Reputation: 28695
This question has a great answer saying you can use awk '!seen[$0]++' file.txt
to delete non-consecutive duplicate lines from a file. How can I delete non-consecutive duplicate lines from a file only if they match a pattern? e.g. only if they contain the string "#####"
Example input
deleteme.txt ##########
1219: 'PCM BE PTP'
deleteme.txt ##########
1221: , 'PCM FE/MID PTP UT','PCM IA 1 PTP'
deleteme2.txt ##########
1222: , 'PCM BE PTP UT'
1221: , 'PCM FE/MID PTP UT','PCM IA 1 PTP'
deleteme2.txt ##########
1223: , 'PCM BE PTP'
1221: , 'PCM FE/MID PTP UT','PCM IA 1 PTP'
deleteme2.txt ##########
1225: , 'PCM FE/MID PTP'
Desired output
deleteme.txt ##########
1219: 'PCM BE PTP'
1221: , 'PCM FE/MID PTP UT','PCM IA 1 PTP'
deleteme2.txt ##########
1222: , 'PCM BE PTP UT'
1221: , 'PCM FE/MID PTP UT','PCM IA 1 PTP'
1223: , 'PCM BE PTP'
1221: , 'PCM FE/MID PTP UT','PCM IA 1 PTP'
1225: , 'PCM FE/MID PTP'
Upvotes: 5
Views: 2176
Reputation: 58453
This might work for you (GNU sed):
sed '/#$/{G;/^\(\S*\s\).*\1/!P;h;d}' file
All lines other than those of interest are printed as normal.

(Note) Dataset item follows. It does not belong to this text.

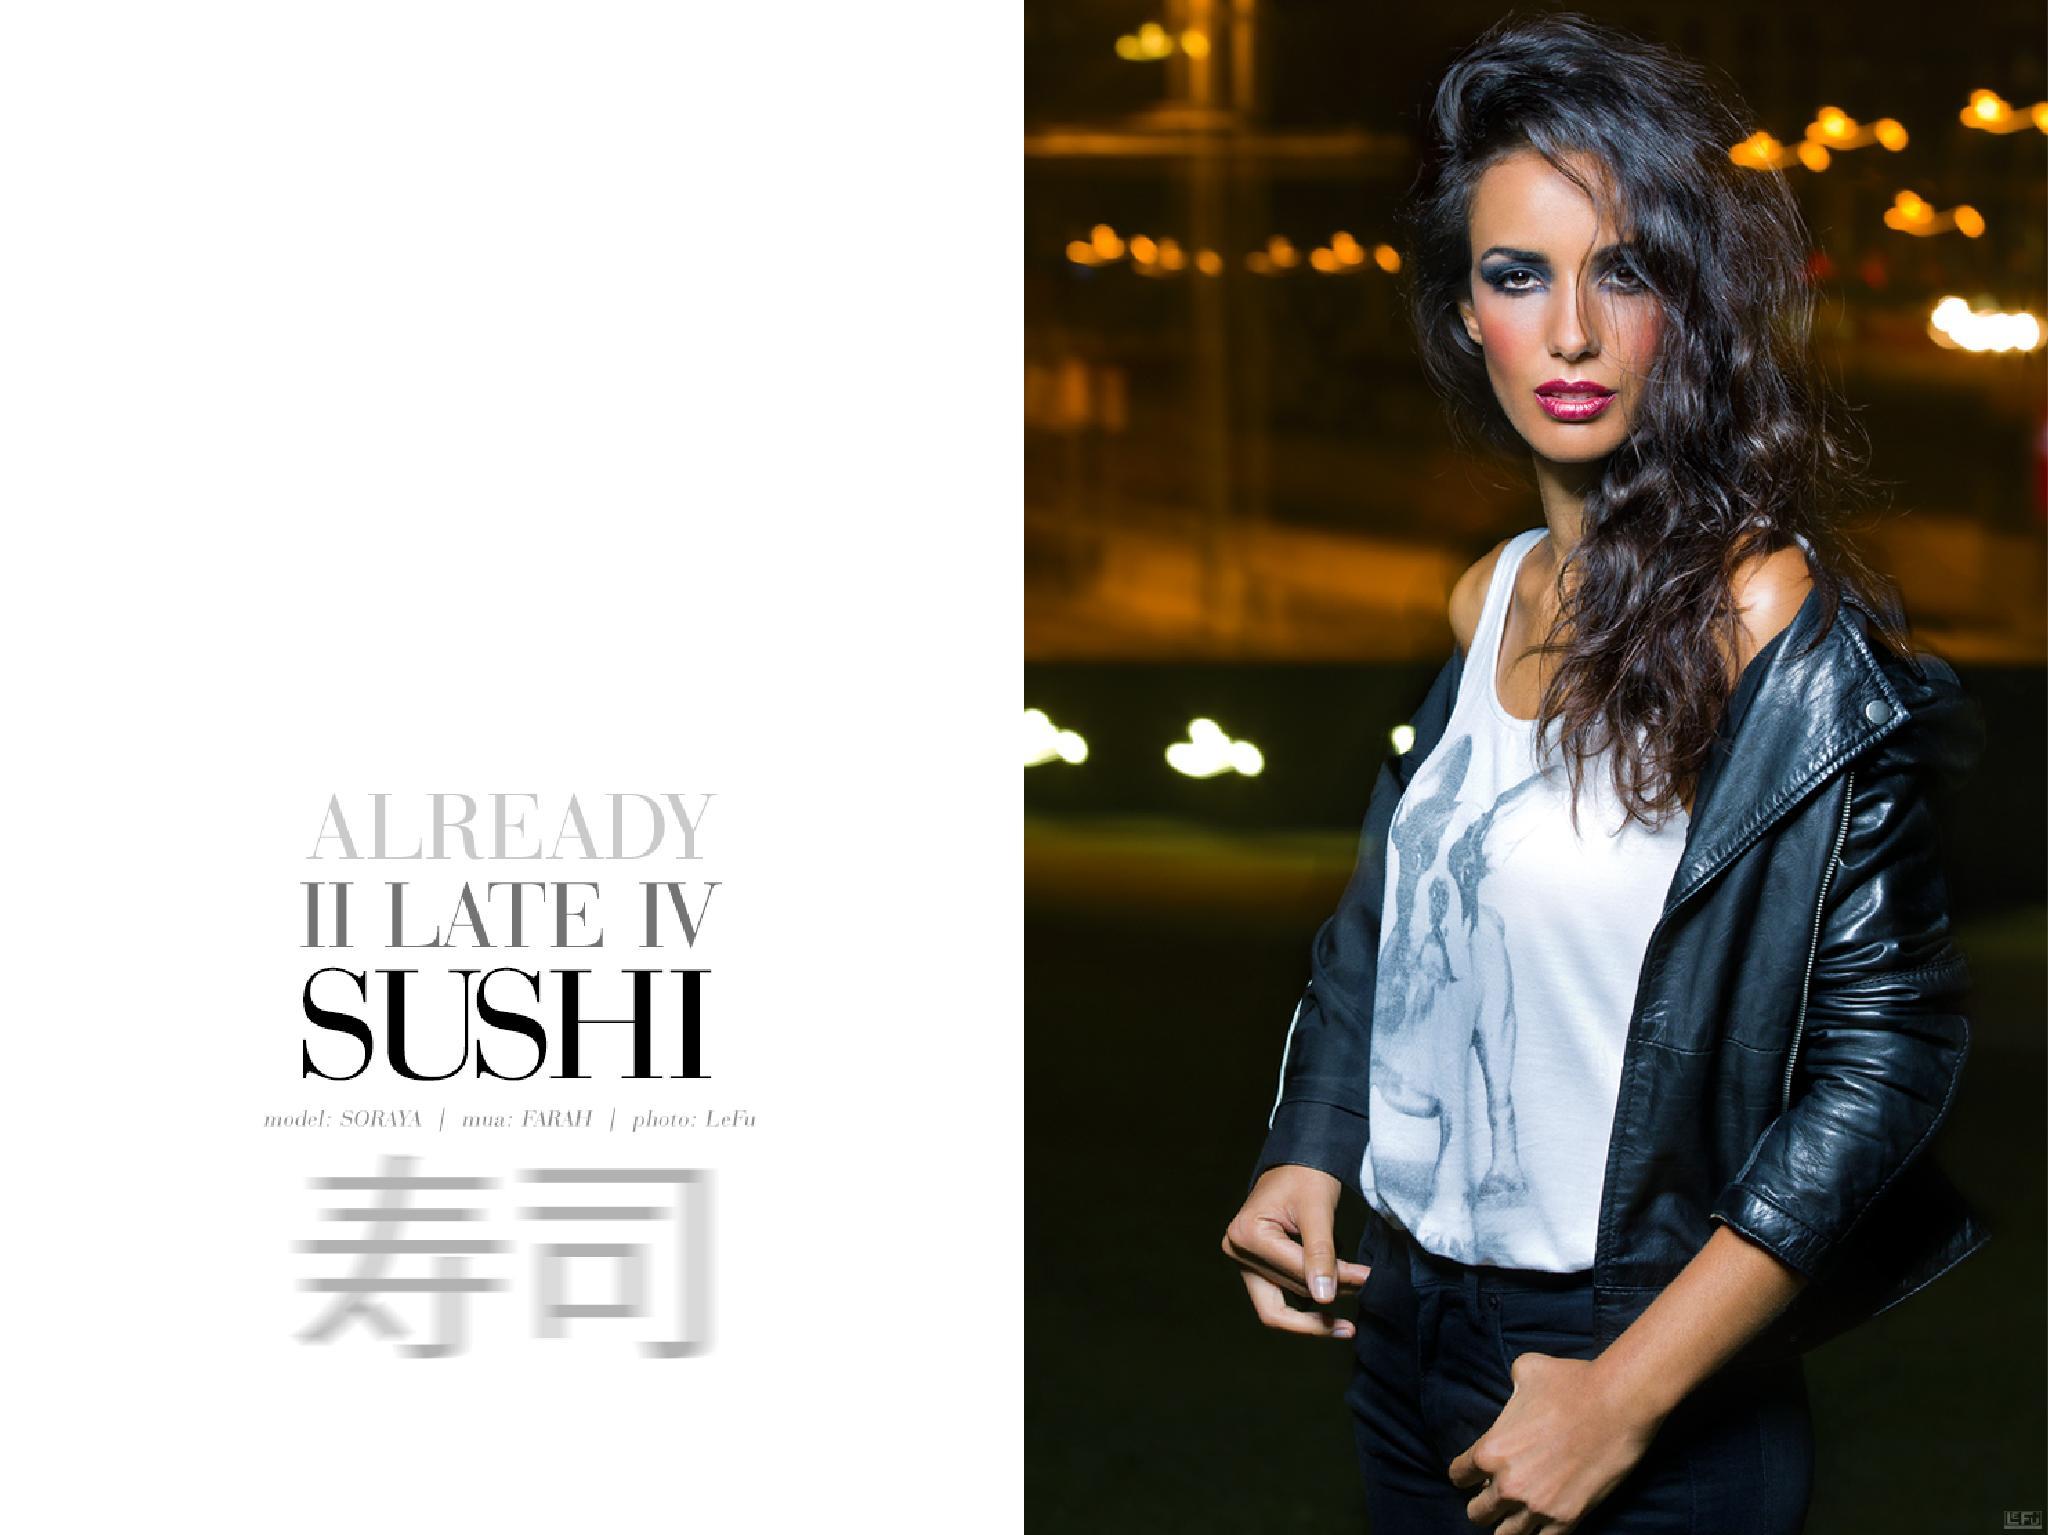 Already 2 late 4 Sushi - V by LeFu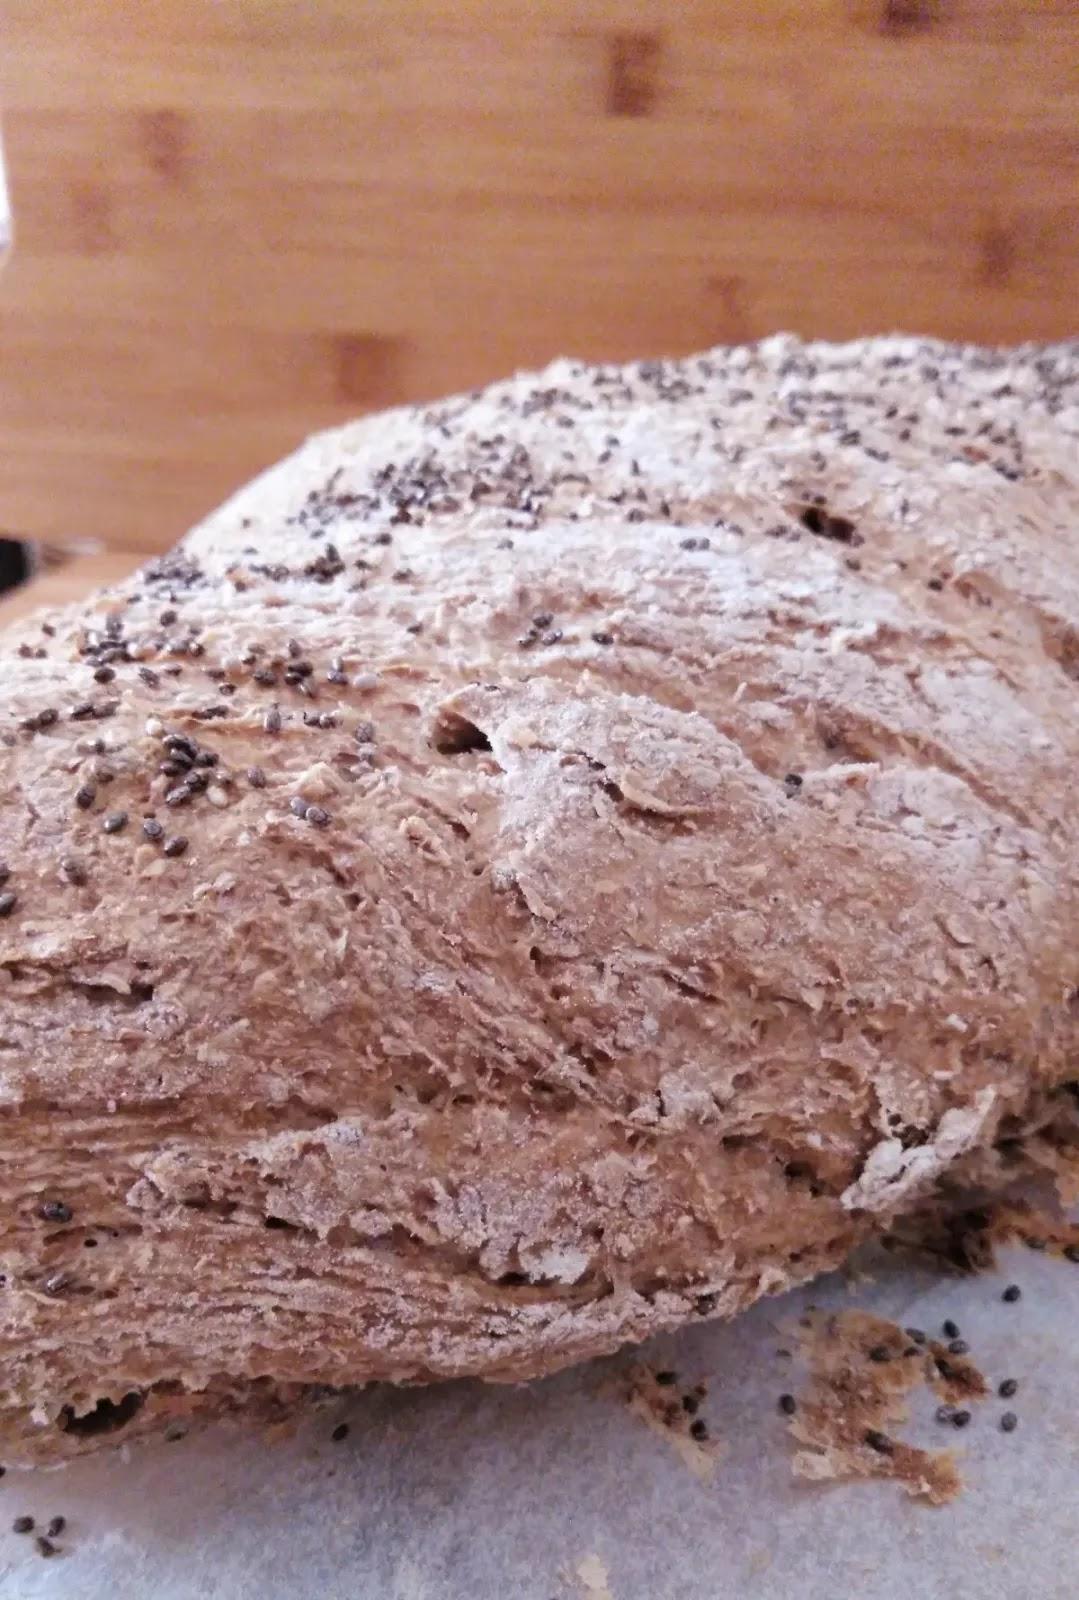 Receta de pan integral casero con panificadora y con levadura fresca de panadería

Append previous lines of interest to the current line and using pattern matching, if such a line has not been encounter before, print it. Then store the pattern space back in the hold space, ready for the next match and delete the pattern space.
Upvotes: 0
Reputation: 8711
Try this Perl command line regex solution using file slurp mode.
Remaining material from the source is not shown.